4.3 Operationalisatie van model Ketola
Na het literatuuronderzoek is het model van Ketola toegepast om de mate van duurzaamheid in de zorgsector vast te stellen. Het model van Ketola is ontworpen voor het meten en analyseren van de huidige mate van duurzaamheid van een organisatie. In dit onderzoek is het model echter gebruikt voor het meten van duurzaamheid met behulp van secundaire data, namelijk de onderzoeken van Ernst & Young en Royal Haskoning, die al in het verleden hebben plaatsgevonden. Bovendien richt dit onderzoek zich niet op één organisatie, maar op een gehele sector: de zorgsector. De aanname is gemaakt dat deze aspecten de werking van het model van Ketola niet in de weg zouden staan. Eerst is de mate van duurzaamheid in 2002 gemeten en daarna in 2011, overeenkomstig de jaren waarin de onderzoeken van Ernst & Young en Royal Haskoning hebben plaatsgevonden. Door de uitkomsten van deze twee jaren te vergelijken kan bepaald worden of de zorgsector naar een meer geavanceerd niveau van duurzaamheid is gegaan.

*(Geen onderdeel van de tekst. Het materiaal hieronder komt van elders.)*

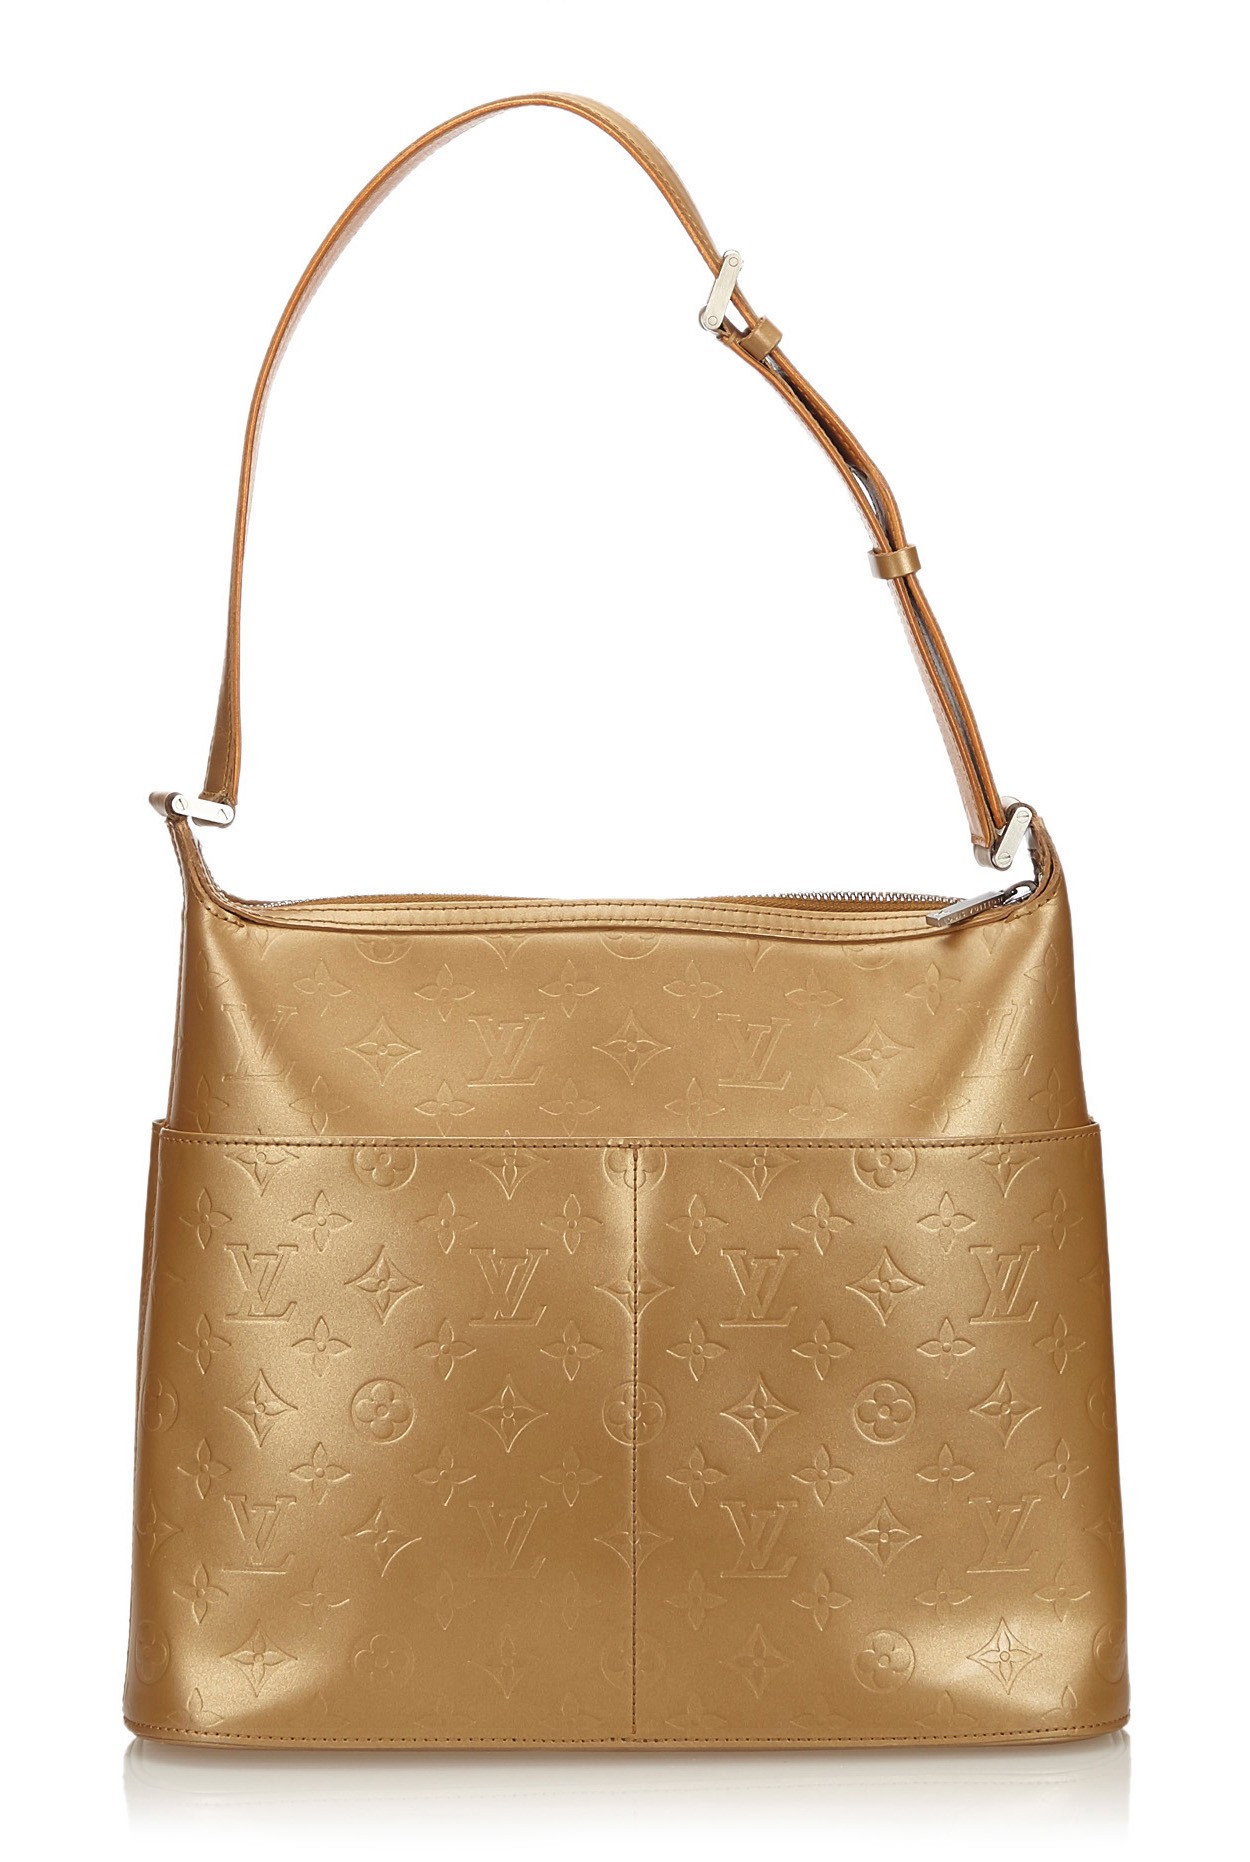 Louis Vuitton Monogram Vernis Leather Handbag

Zoals in het vorige hoofdstuk uitgebreid is uitgelegd, bestaat het vergelijkingsinstrument van Ketola (2008) uit drie stappen: waarden, redeneringen en activiteiten. Ketola (2008) legt per stap uit hoe deze uitgevoerd moet worden. Bij stap één en twee is gebruik gemaakt van jaarverslagen als secundaire data. Bij stap drie is gebruik gemaakt van informatie uit de onderzoeken van Ernst & Young en Royal Haskoning. Deze onderzoeken zijn breder dan deze duurzaamheidsmeting in de zin dat er meer ziekenhuizen zijn meegenomen: 8 algemene en academische in het onderzoek van Ernst & Young en 90 algemene ziekenhuizen in het onderzoek van Royal Haskoning. In dit onderzoek zijn drie algemene en academische ziekenhuizen meegenomen omdat voor de andere stappen
jaarverslagen zijn gebruikt als input voor de duurzaamheidsmeting. De uitvoering van deze drie stappen zal hieronder worden weergegeven.
1. Waarden
De eerste stap was het onderzoeken wat een bedrijf zegt over de economische, sociale en
ecologische waarden. De waarden van een ziekenhuis zijn onderzocht door ze te vergelijken met de utilitaristische en egoïstische ethische waarden, plicht/rechten/rechtvaardigheid ethische waarden en deugdethiek waarden. En door het bepalen hoe ethiek in deze bedrijfswaarden door het bedrijf in overweging worden genomen.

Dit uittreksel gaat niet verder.